Norman landowner and Chief Butler of England (d. 1079)

Roger d'Ivry or d'Ivri or Rog'ive or Roger Perceval (died 1079) was an 11th-century nobleman from Ivry-la-Bataille in Normandy. He was the younger son of Robert de Breval and his wife, Albreda, daughter of Rodolph, Lord of Ivry.

He took part in William of Normandy's conquest of England in 1066 and founded the Abbey of Notre-Dame-d'Ivry in 1071. D'Ivry was a sworn brother-in-arms of Robert D'Oyly and the Domesday Book records that in 1086 D'Oyly and d'Ivry held a number of manors in various counties either partitioned between the two of them or administered in common. He was appointed hereditary Chief Butler to King William, just as he had been in Normandy.

Roger d'Ivry held estates in Bedfordshire, Buckinghamshire, Gloucestershire, Huntingdonshire, Oxfordshire and Warwickshire. His estates in Oxfordshire included Beckley, Forest Hill, Hampton Gay, Holton, Horspath, Mixbury, North Leigh, Rousham, Shirburn, Thrupp, Wolvercote, Woodeaton and Worton. One of the properties held by d'Ivry later became Beckley Park, described as a Tudor hunting lodge in the 1300s, which still stands.

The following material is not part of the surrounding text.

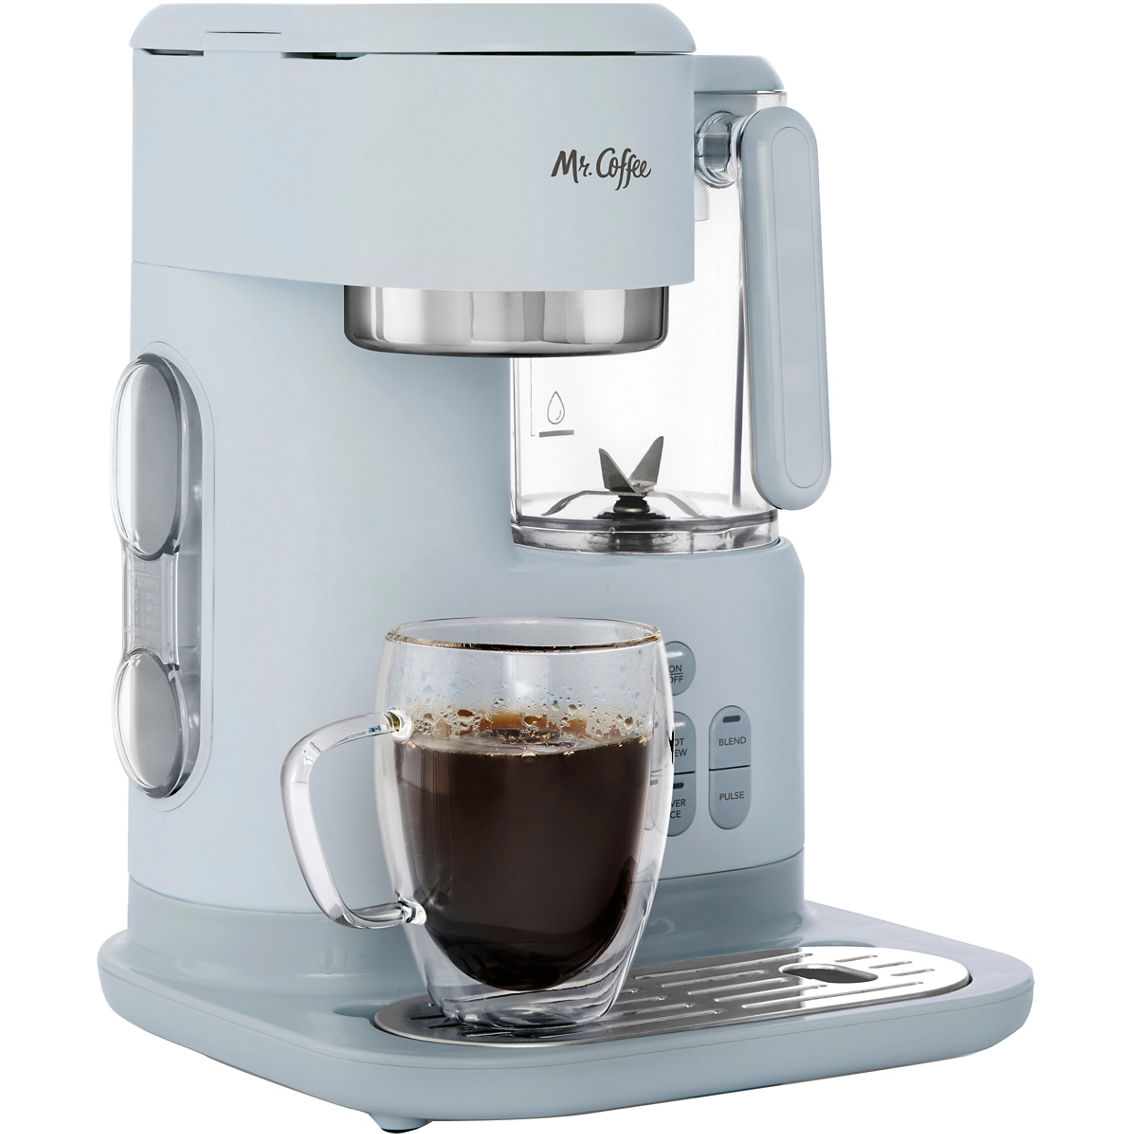 Mr. Coffee Frappe Hot and Cold Single Serve Coffee Maker - Image 2 of 7

D'Ivry was married to Adeline or Adelina, eldest daughter of Hugh de Grandmesnil. and had three sons, Roger, Hugh and Geoffrey. He predeceased his wife who died in the latter part of 1110. He was succeeded on his death by his eldest son Roger, who was forced to flee to Normandy after William Rufus seized the English throne in 1087 and died there soon afterwards. Many of the family estates were confiscated by the crown and the position of Chief Butler passed to the d'Aubigny family. Geoffrey and a sister Adeline later had some lands restored to them.